Vinculado ao Correio da Manhã entre 1963 e 1969, Peralva ajudou a transformar o jornal carioca em trincheira para a resistência possível ao golpe civil-militar de 1964. Não deu certo. Depois da decretação do AI-5, em dezembro de 1969, acabou dividindo cela com o jornalista Zuenir Ventura, o cartunista Ziraldo e o psicanalista Hélio Pellegrino. Um dos motivos da prisão de Peralva era a sua recusa em identificar os personagens citados em O Retrato apenas pelo pseudônimo. Exilado, atuou como correspondente da Folha de S.Paulo em Tóquio, no Japão, e em Praga, na extinta Tchecoslováquia. Só voltou para o Brasil depois da Anistia, em 1979, continuan­do a trabalhar para a Folha, onde integrou o Conselho Editorial. Pouco antes de morrer, em 1992, o jornalista fez uma nova revisão (basicamente ortográfica) de O Retrato, relançado agora pelo selo Três Estrelas.

Se as críticas de Peralva não fossem tão pertinentes, o relançamento de O Retrato no momento em que o radicalismo de direita cresce de forma assustadora no Brasil poderia parecer uma provocação.
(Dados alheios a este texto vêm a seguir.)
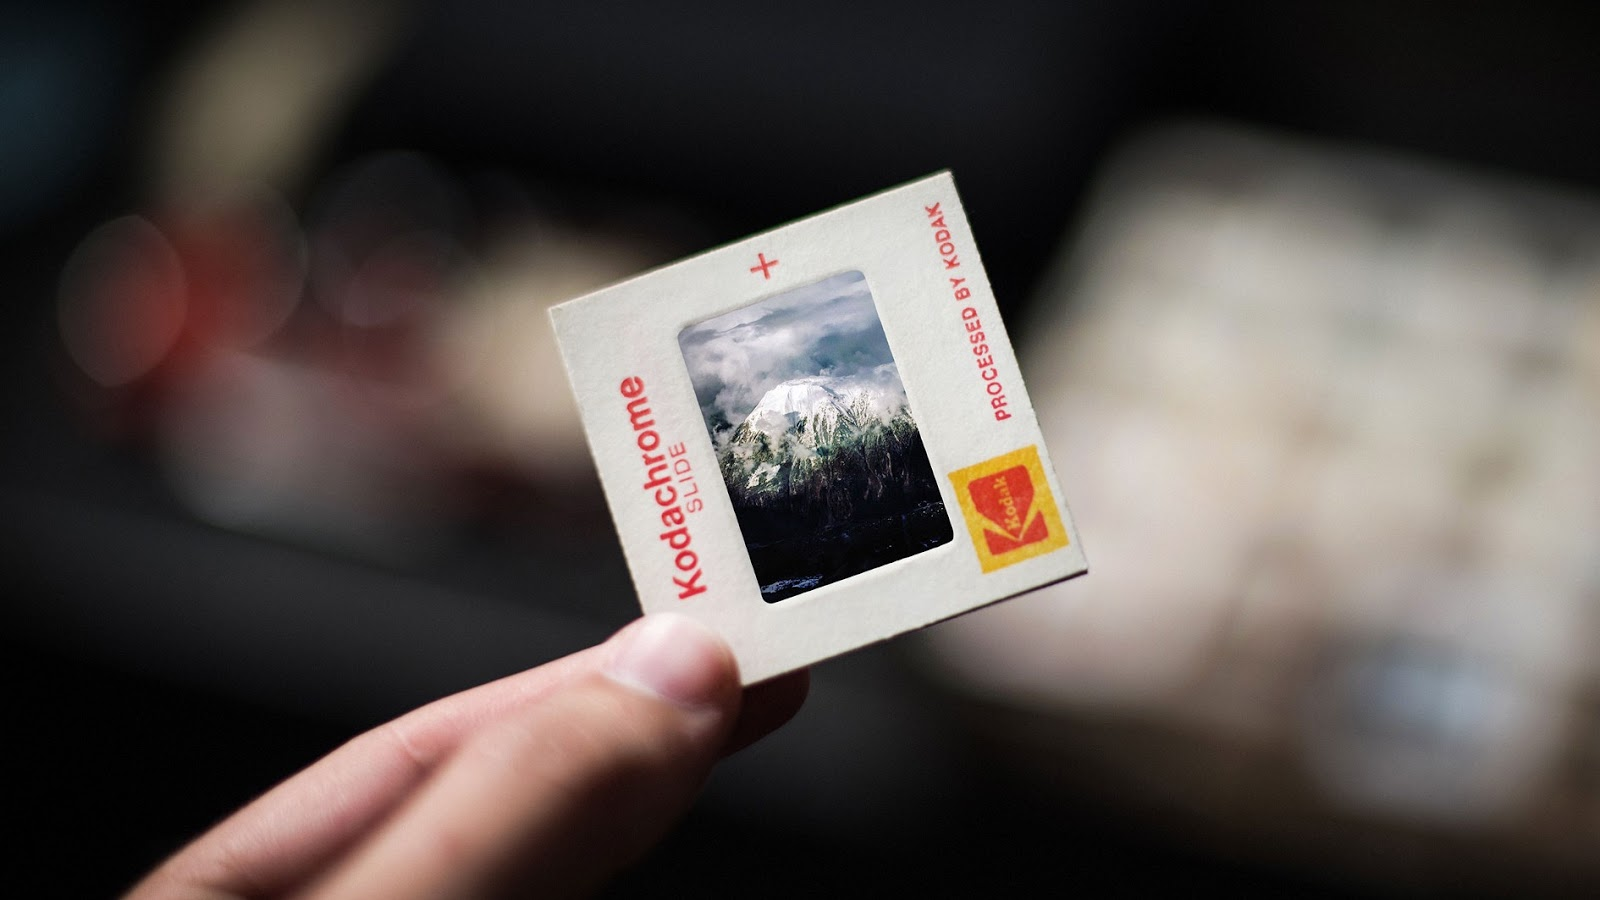 Слайд Kodakchrome, фотограф Натан Андерсон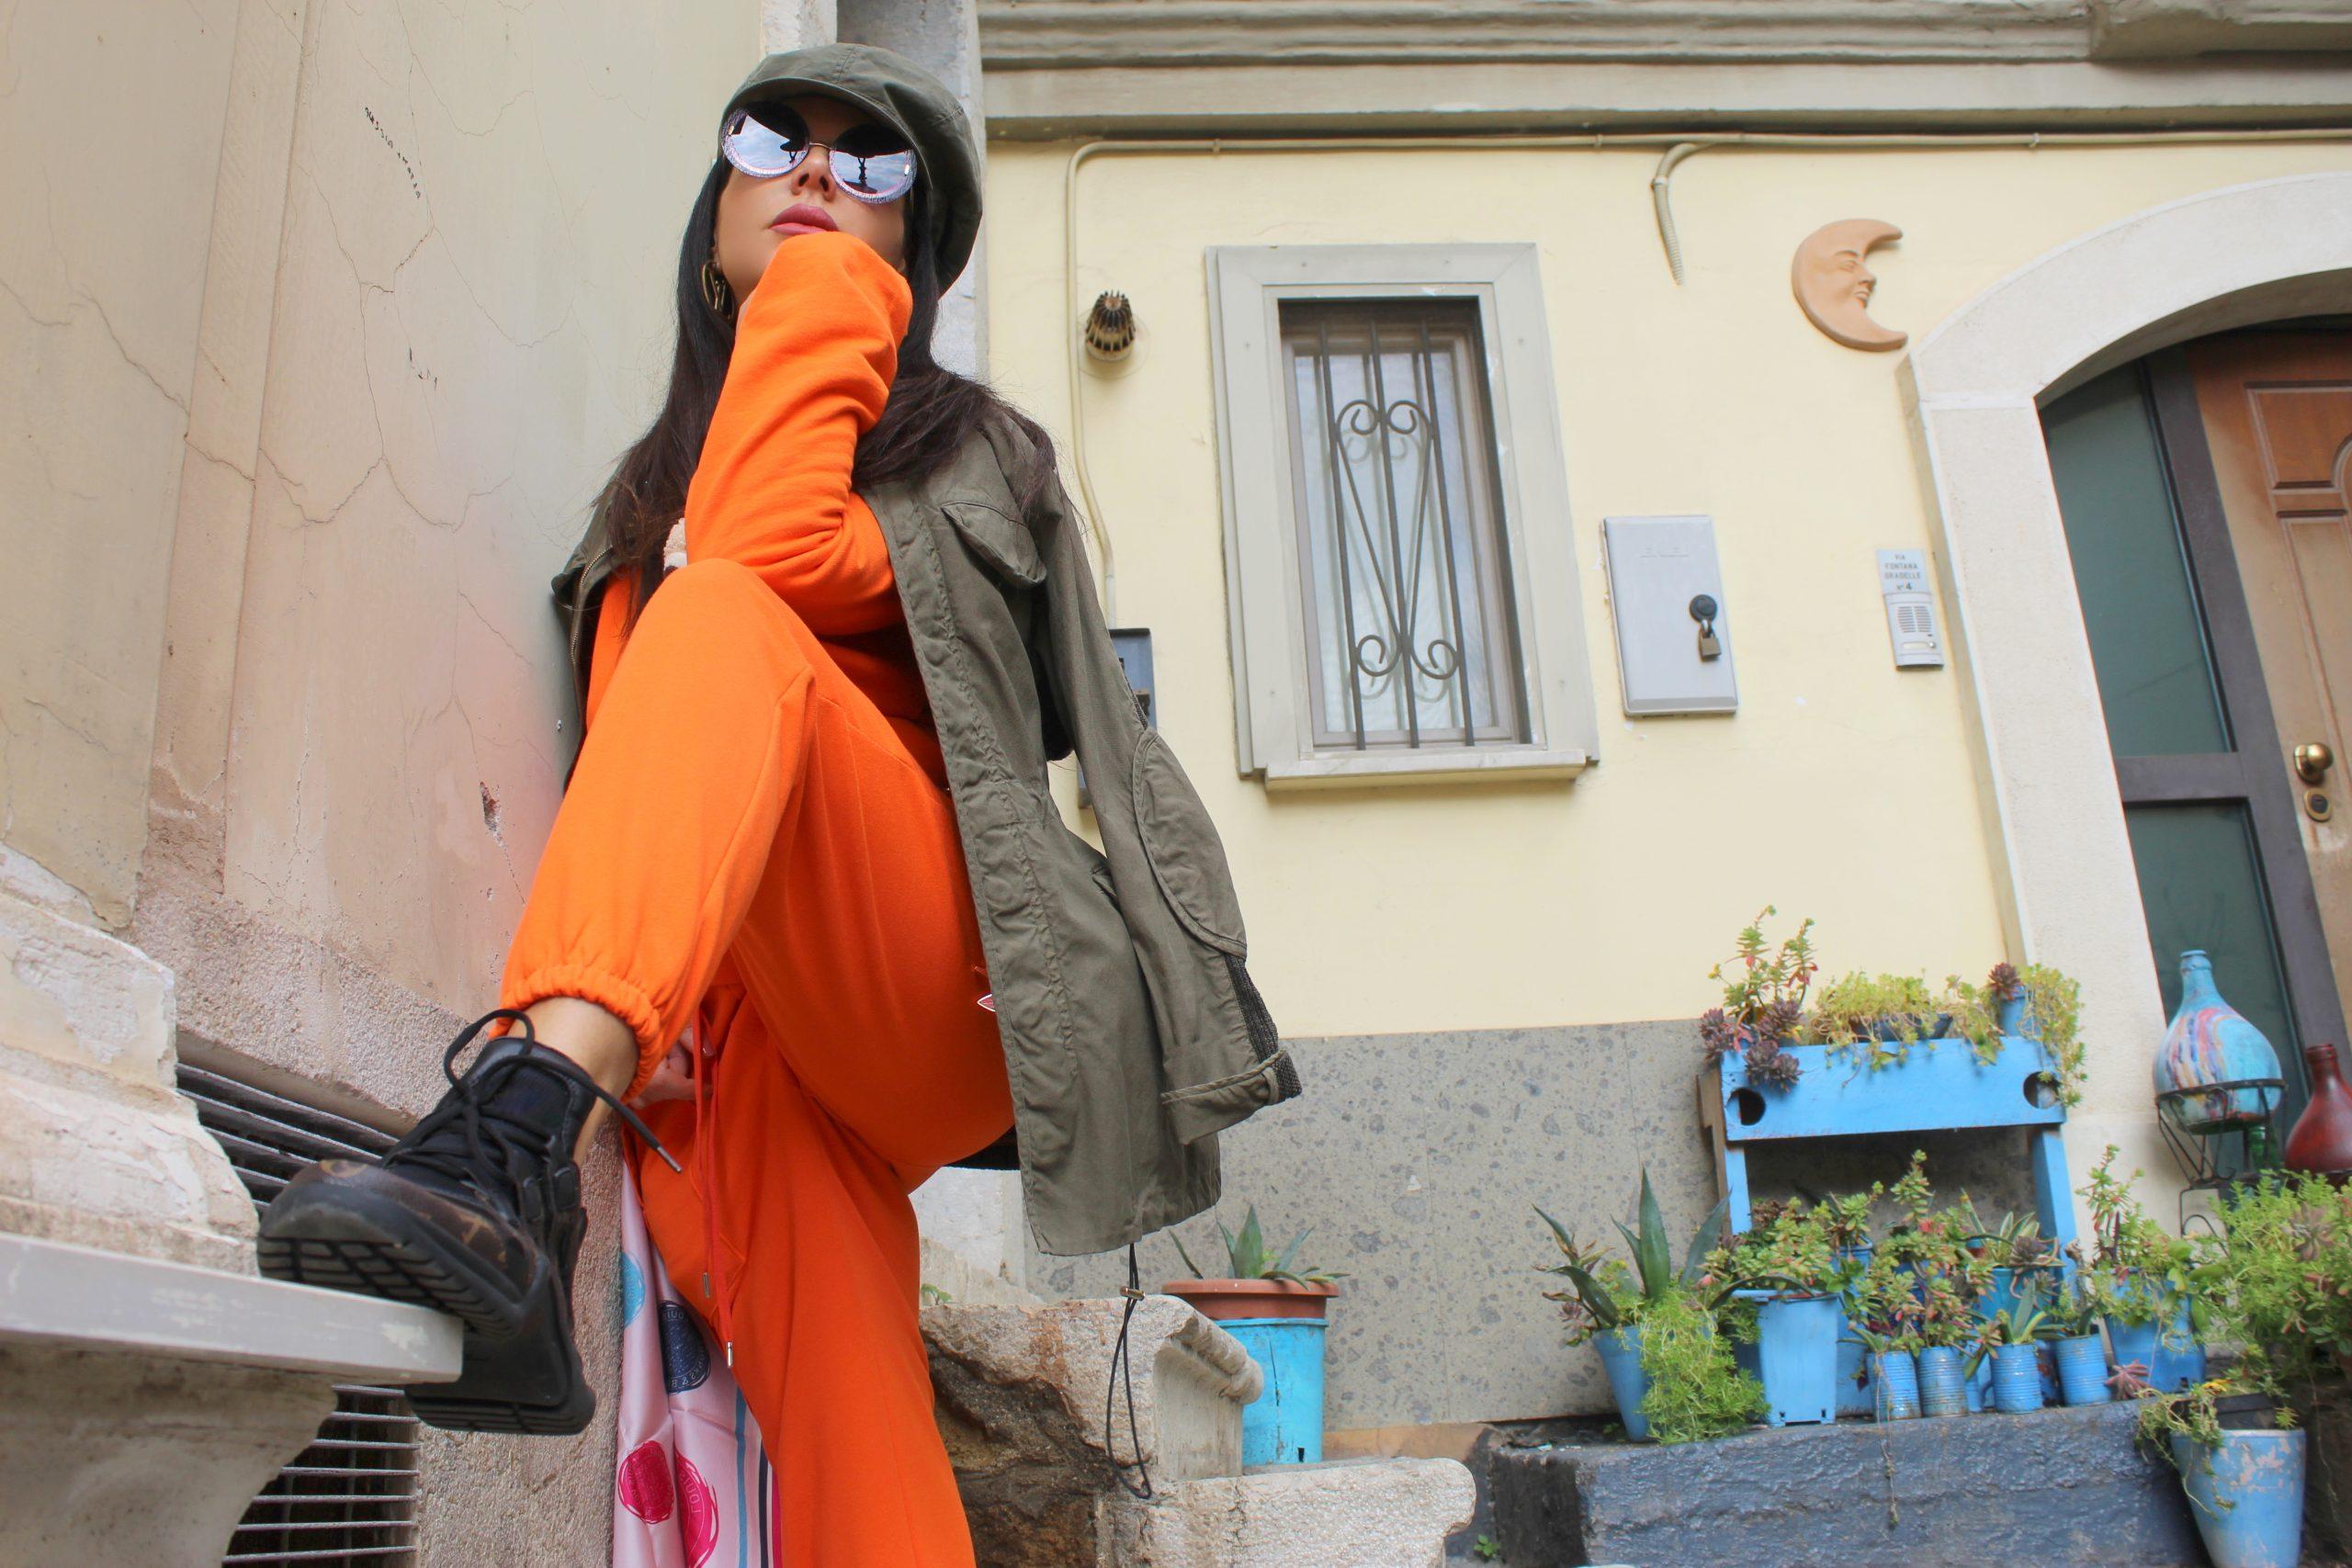 Louis Vuitton Bag Orange Outfit Inspo Style Paola Lauretano Lifestyle Blogger

De sua privilegiada posição no Kominform, o jornalista esteve entre os primeiros brasileiros a se dar conta dos crimes de massa praticados na União Soviética no período de Joseph Stálin (1924-1953) e a encarar de frente a desilusão com o sistema político que acalentara desde a juventude. As atrocidades foram denunciadas por Nikita Kruschev no 20o Congresso do Partido Comunista da União Soviética, em fevereiro de 1956, mas poucos tomaram conhecimento. Durante algum tempo, divulgou-se inclusive que o documento, conhecido primeiro como Relatório Secreto, não passava de uma invenção da CIA, o serviço de inteligência americano.